The fact that in pre-romantic music we tend to sustain the long notes less than in romantic music, means that the retake is used especially frequently in these earlier musical styles. In romantic music, the need to hold/sustain the longer notes till the end means that, in asymmetric figures, we will probably use hooked bowings rather than retakes as our preferred bowing solution.
RETAKING TO WHICH NEW BOW DIRECTION ?
In the previous examples, all the retakes were from downbows to upbows but, in fact, our retake can be followed by a new bowstroke in either direction. Sometimes we will retake from a downbow to another downbow:
Less often, we will do retakes from upbow to upbow:
RETAKING AFTER THE SHORT NOTE
Most often we will do our retake after the long note (before the short note). This is the case in all the above examples. But sometimes we will, by choice or obligation, need to do the opposite, bringing the bow back towards the frog in a brief gap after the short note. In the following figures, we have progressively less and less time in which to do our retake.
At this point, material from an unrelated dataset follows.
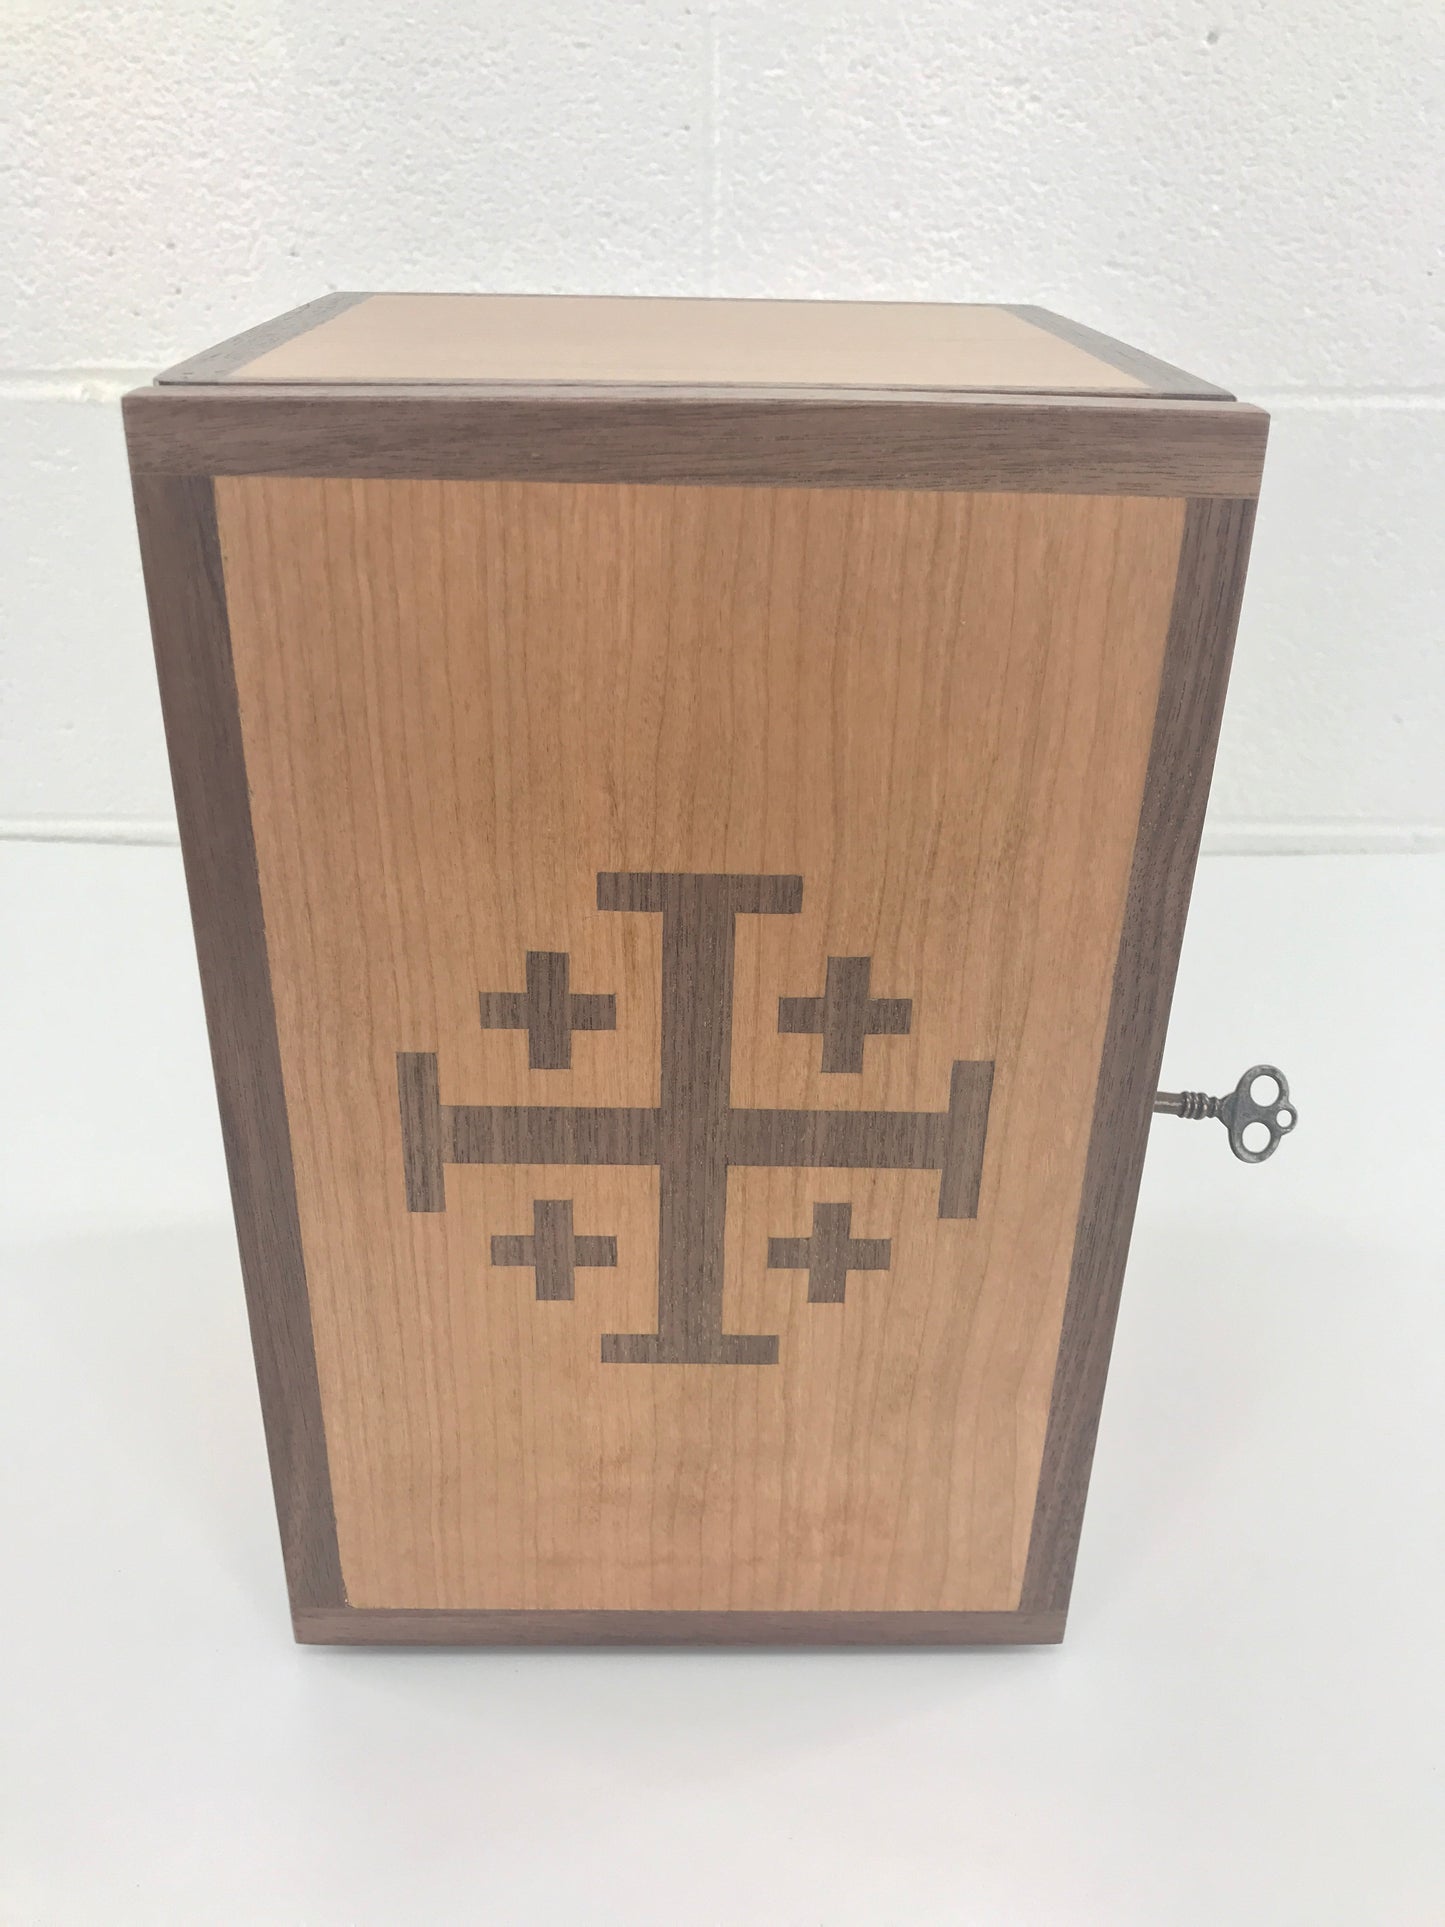 Wood Tabernacle with Jerusalem Cross - TreeToBox
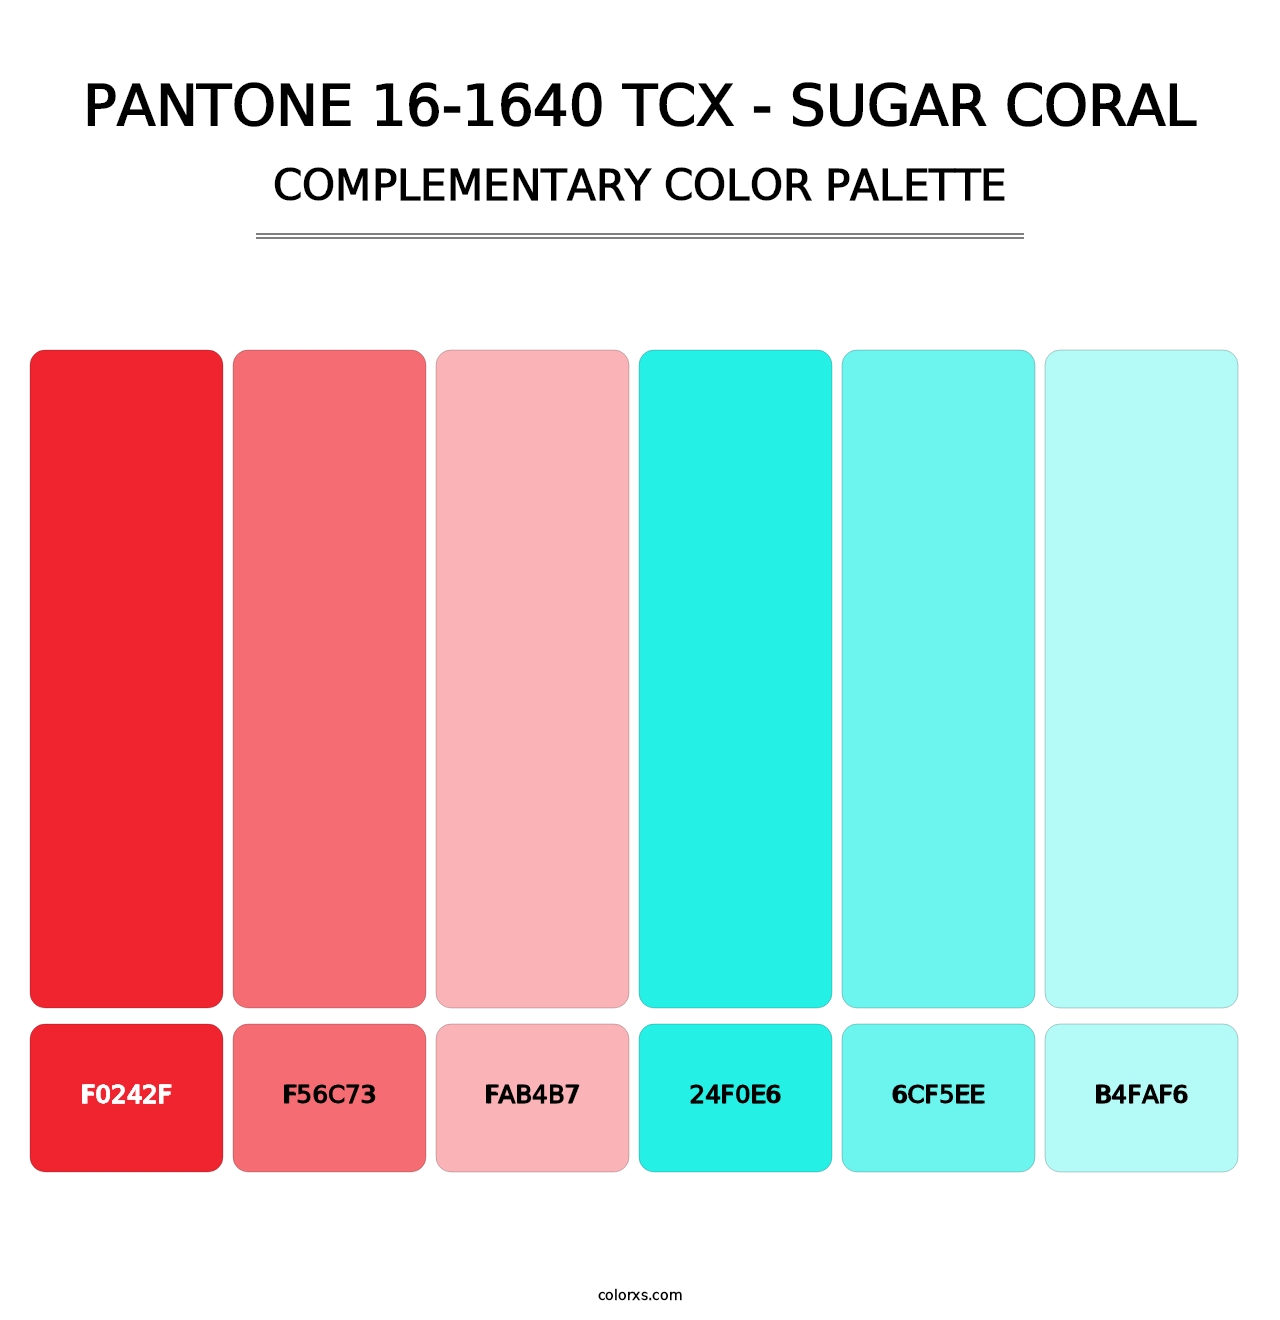 PANTONE 16-1640 TCX - Sugar Coral - Complementary Color Palette

And here is a musical example of the extreme case of this retake after the short note, done here with very little time. We will make use of the bounce to get us into the air and flying back as quickly as possible.
Sometimes (as in the above example) our choice between the two options (retake after long note or retake after short note) is absolutely clear, but at other times our decision could go either way:
In the above discussion, we have always talked about the retake between long and short notes, but in fact, a more accurate way to describe the retake would be to use the terminology of long and short bowstrokes because we can have many or several notes in our bowstrokes on either side of the retake.
TO RETAKE OR NOT TO RETAKE
Look at the following figure from the orchestral opening of Brahms’ Double Concerto. We don’t need to retake after the first long note, but we definitely do after the second one. If, however, Brahms had written his rhythm slightly differently, we might have needed two retakes in each bar:
There are many reasons for which we might decide to retake our bow. In order to play as expressively and as easily as possible, we need to plan our bowing directions (bow choreography) so that our bow is taken effortlessly to where we want it to be. Basically, a retake is simply a means to get to the part of the bow that we want to be in for the next note. Some of the reasons for a retake might be purely technical, others are purely musical, but most often the reasons for a retake are a combination of the two. Many musical effects are much easier (more natural) in a specific part of the bow or in a specific bow direction (diminuendo towards the tip, crescendo towards the frog, pianissimo at the tip, spiccato in the lower half of the bow, sforzando at the frog etc). Crunchy attacks are much better at the frog, which is why some passages use a succession of “retaken” downbows to give that extra energy, each note being like the crack of a whip – with the wrist having a wild workout:
Most commonly, we will use retakes for simple reasons of bowdivision: for example to avoid extreme bowspeed changes (and their resulting unwanted accents) in rhythmically asymmetrical passages (as is the case in most of the musical examples given above).